Why this happens: Domain registration expired, DNS provider had an outage, you accidentally deleted DNS records, or you are migrating to a new domain.
Recovery:
- Access the panel via IP. This is the key design principle of Portlama:
https://<ip>:9292always works, regardless of DNS state (unless the optional panel 2FA is enabled, which disables the IP vhost — see Scenario 6 for recovery). Open:
https://203.0.113.42:9292Your browser warns about the self-signed certificate (click through it) and presents your client certificate. The full admin panel is accessible.
- Diagnose the DNS issue. From any machine, check what your domain resolves to:
dig example.com
dig panel.example.comIf there are no results or the wrong IP, the issue is at the DNS level.
- Fix the DNS records. Log in to your domain registrar or DNS provider and verify:
| Type | Name | Value |
|---|---|---|
| A | example.com | Your server IP |
| A | *.example.com | Your server IP |
Wait for propagation. DNS changes typically take 5-30 minutes. Use dnschecker.org to monitor propagation.
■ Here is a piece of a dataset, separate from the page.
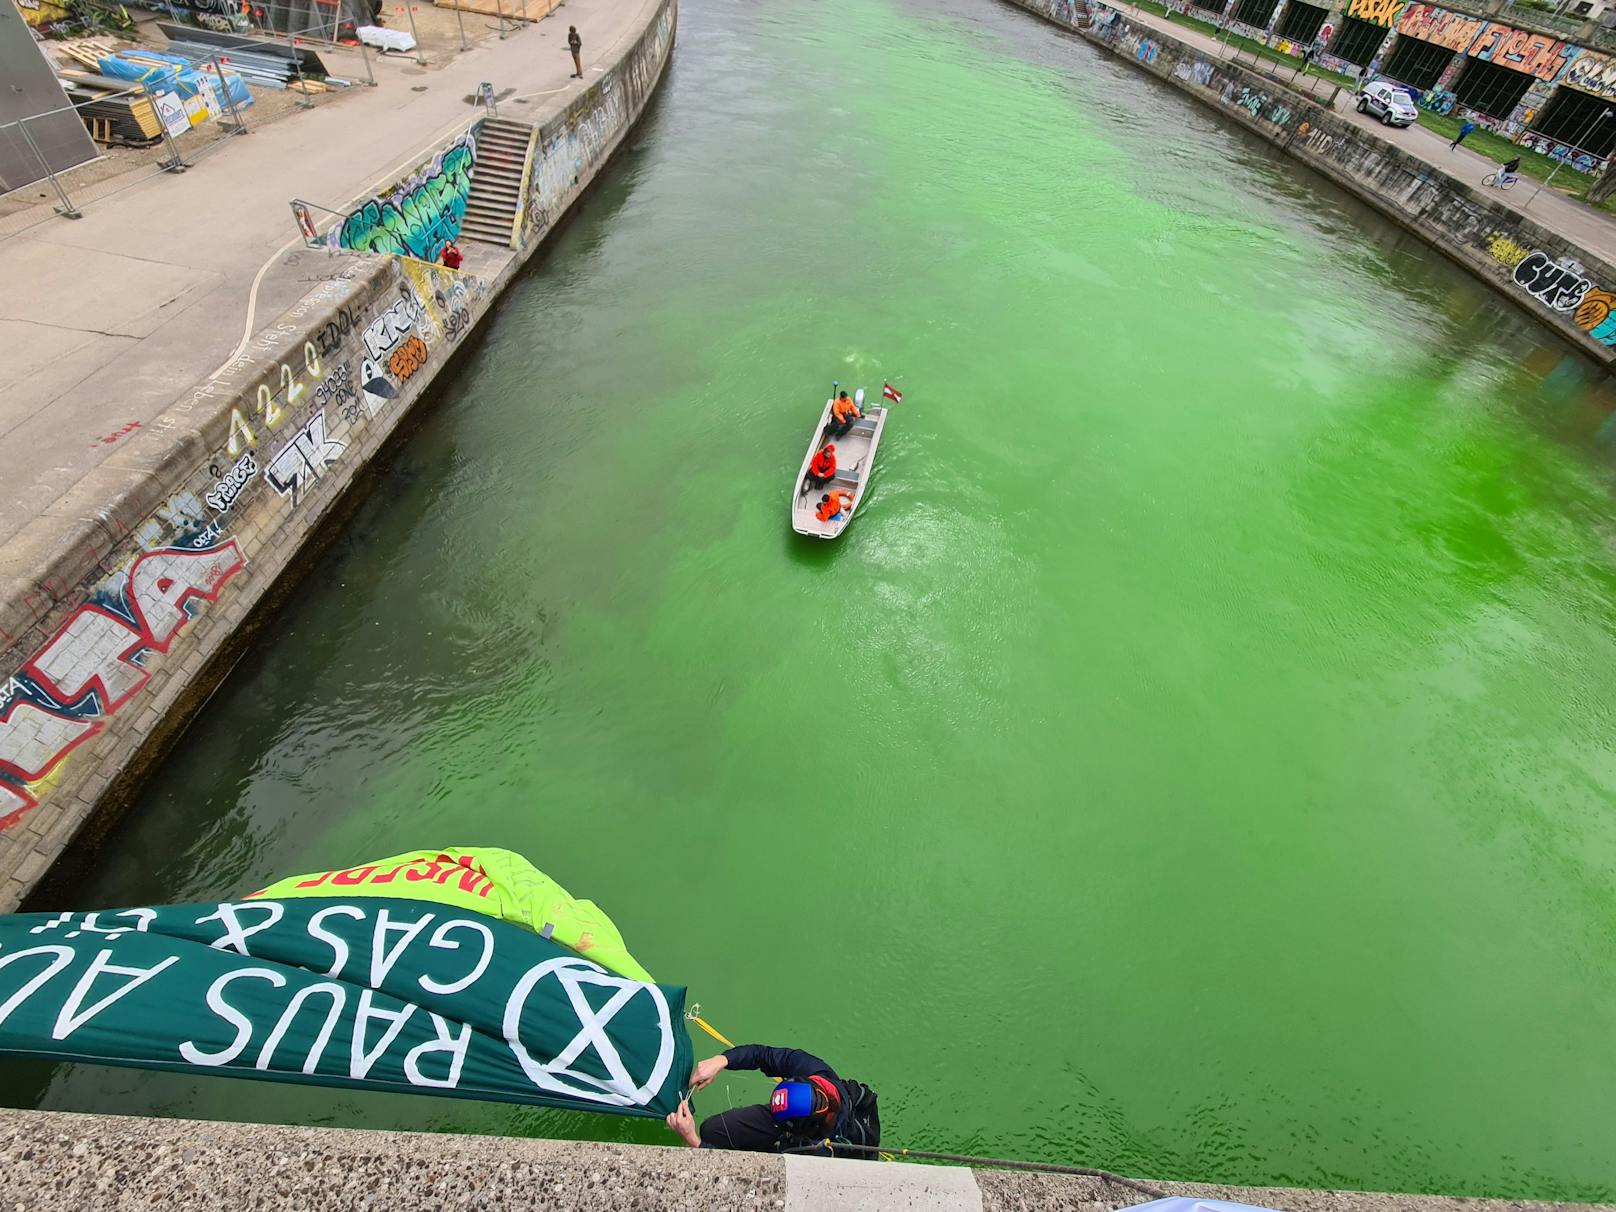 Klima-Aktivisten der "Extinction Rebellion" blockierten am 25. März die Wiener Salztorbrücke und färbten das Wasser des Donaukanals grün ein.

If the domain is permanently lost and you are switching to a new domain, you need to re-run the onboarding process. This is currently a manual operation requiring SSH access — see the SSH fallback section at the end of this guide.
Key point: Your tunnels, users, certificates, and all configuration data remain intact. The IP-based panel provides full management access regardless of DNS state.
Scenario 2: Let's Encrypt Certificate Expired
Symptoms: Visitors see "Your connection is not private" or "Certificate expired" errors when visiting domain-based URLs. The IP-based panel (https://<ip>:9292) still works because it uses a self-signed certificate with a 10-year validity.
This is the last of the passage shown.